Output exactly, and only, the stretch of lines beginning at the line with "republic p-47 thunderbolt" and ending at the last line of the listing below. Drop the pictures.

● **PROVIDED MATERIAL**:
########

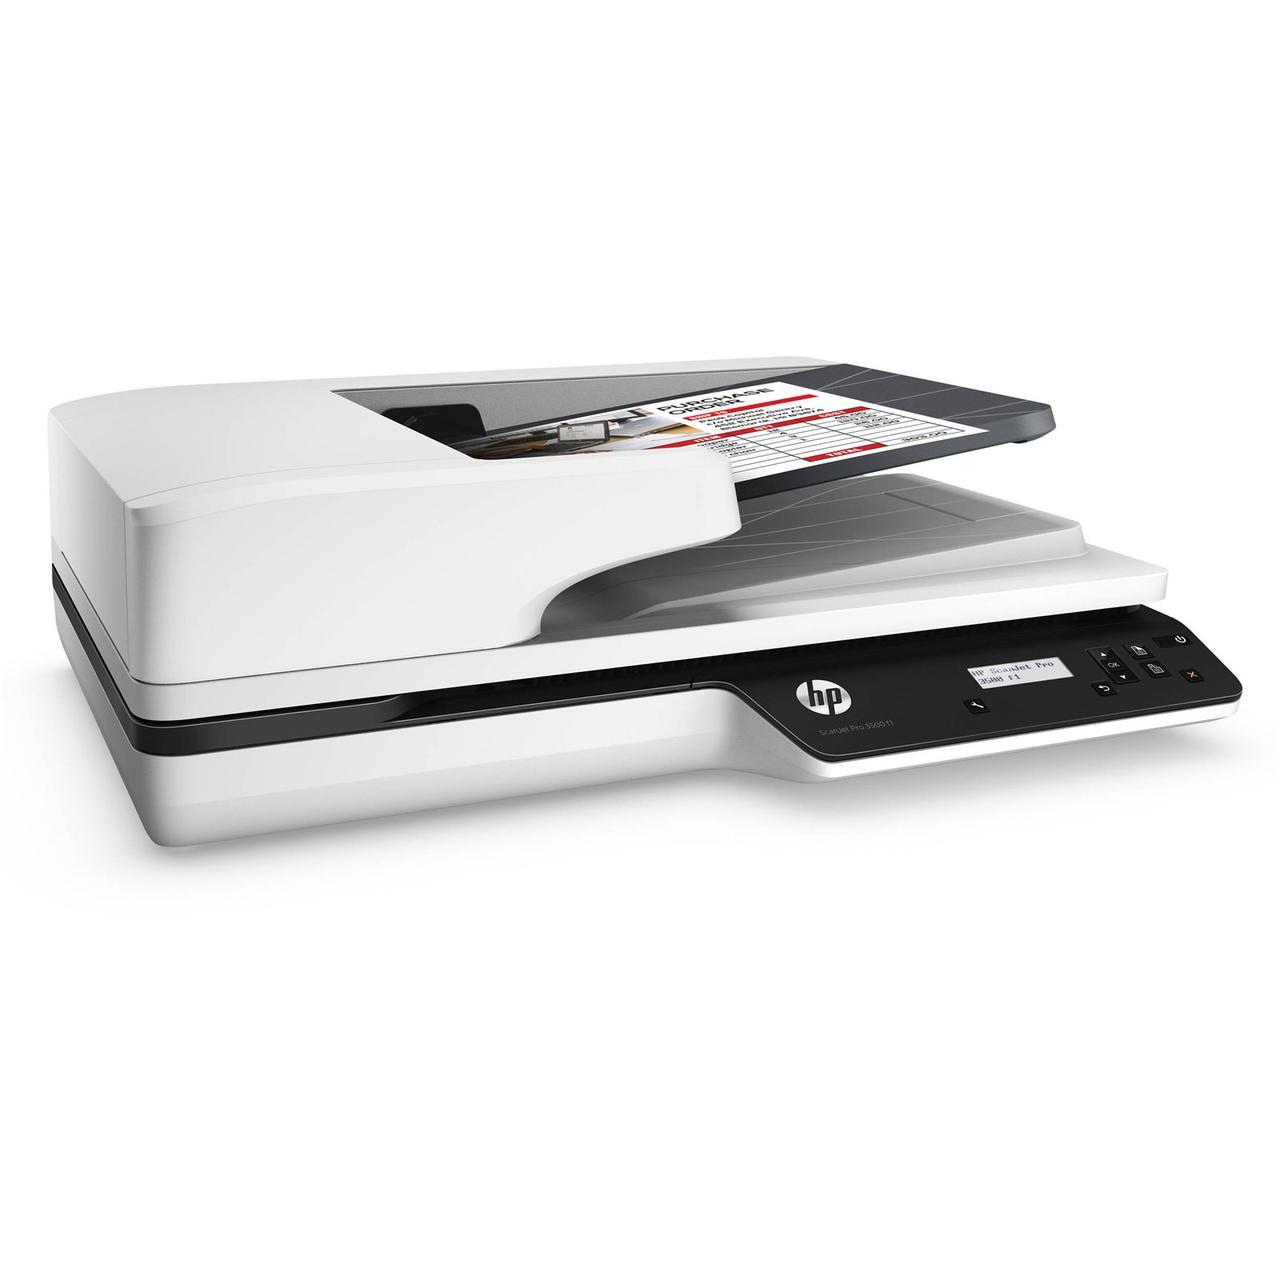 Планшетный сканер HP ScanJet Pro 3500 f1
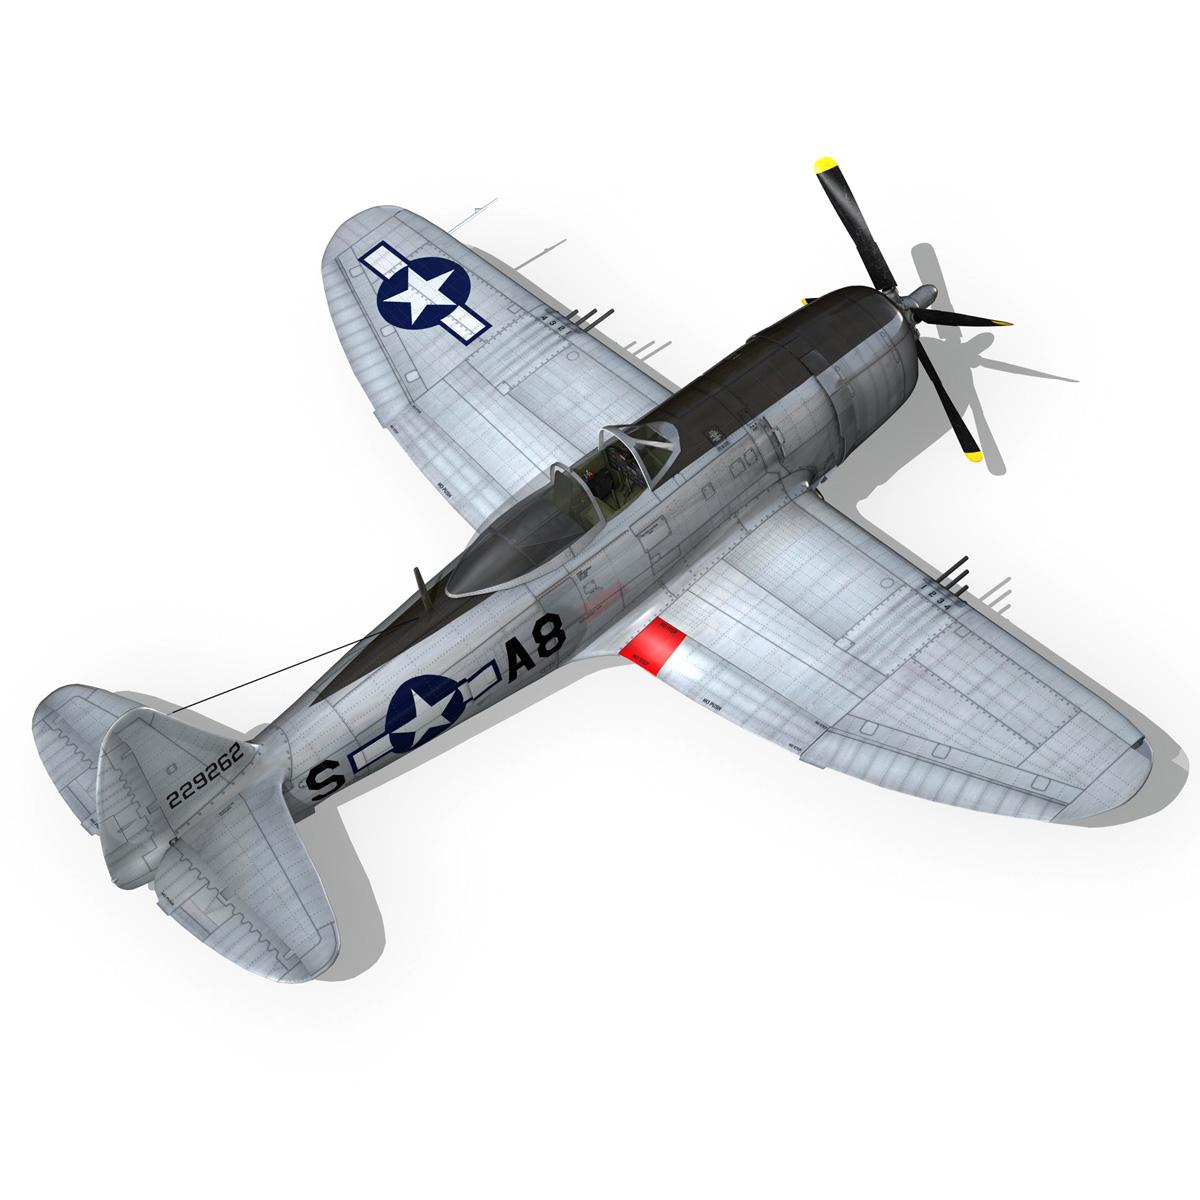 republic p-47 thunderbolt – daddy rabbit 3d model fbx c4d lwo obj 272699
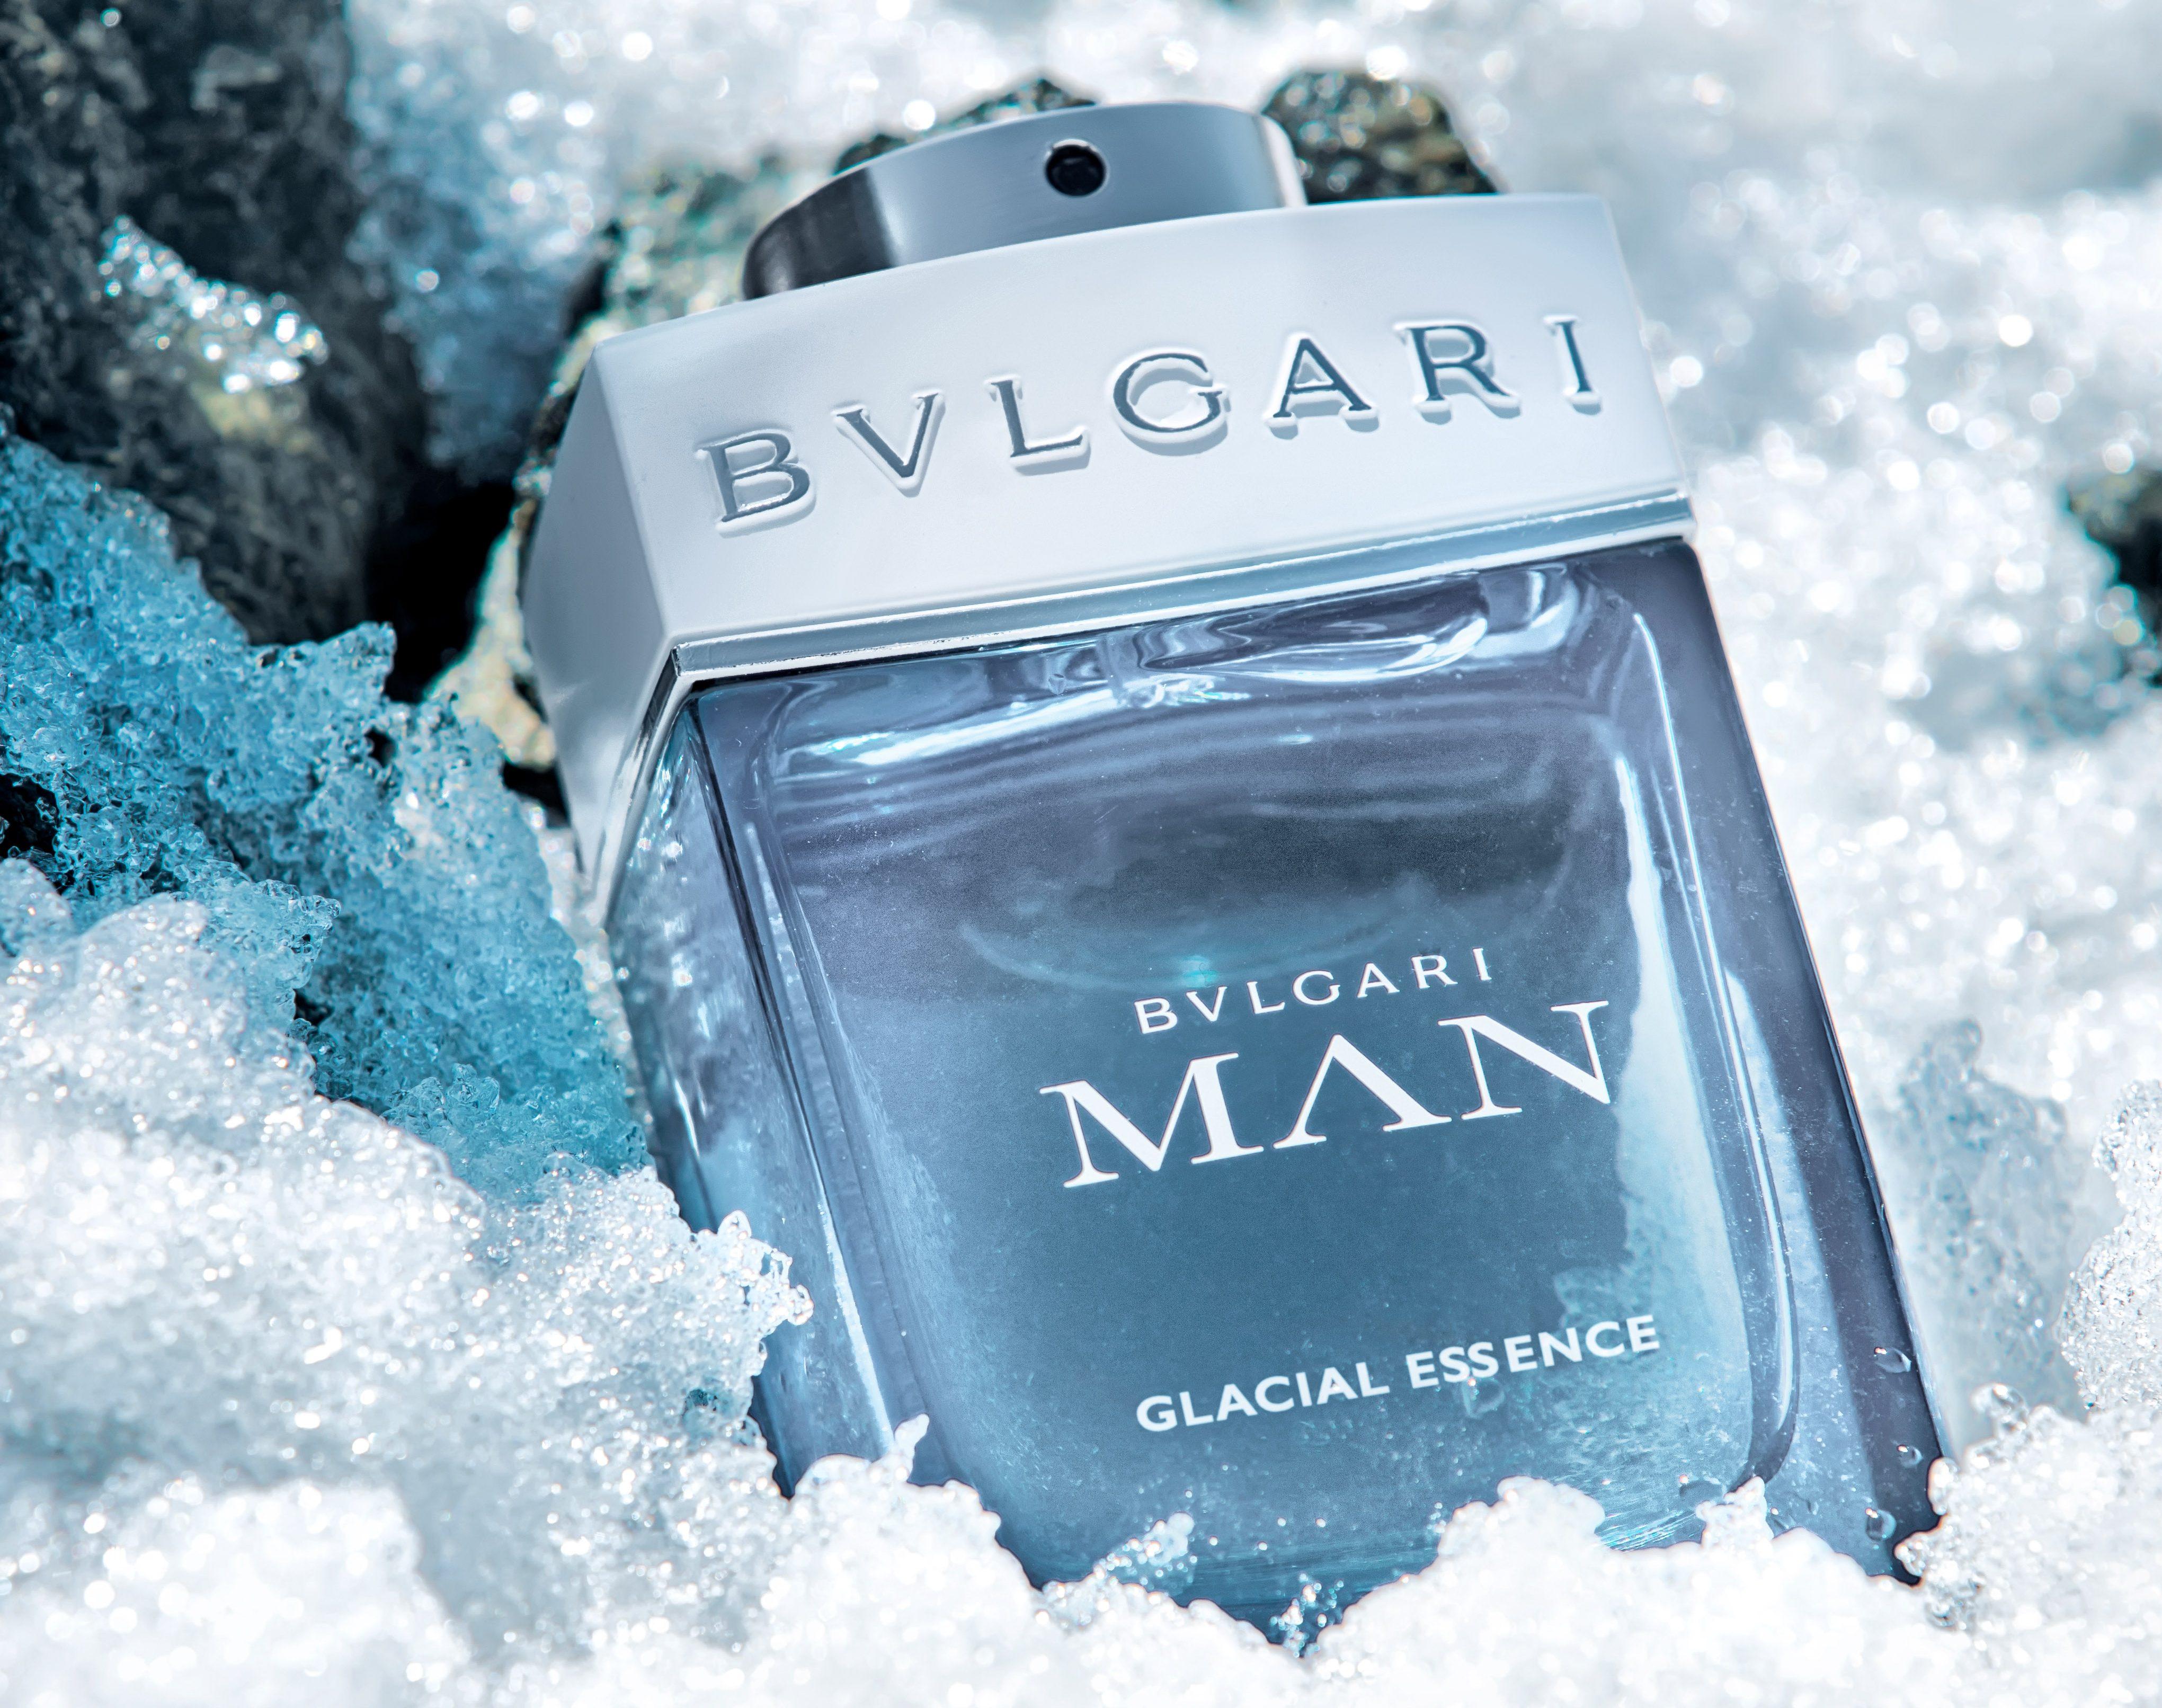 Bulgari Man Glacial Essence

########

● **RESPONSE AREA**:
 republic p-47 thunderbolt – daddy rabbit 3d model fbx c4d lwo obj 272699
 Bulgari Man Glacial Essence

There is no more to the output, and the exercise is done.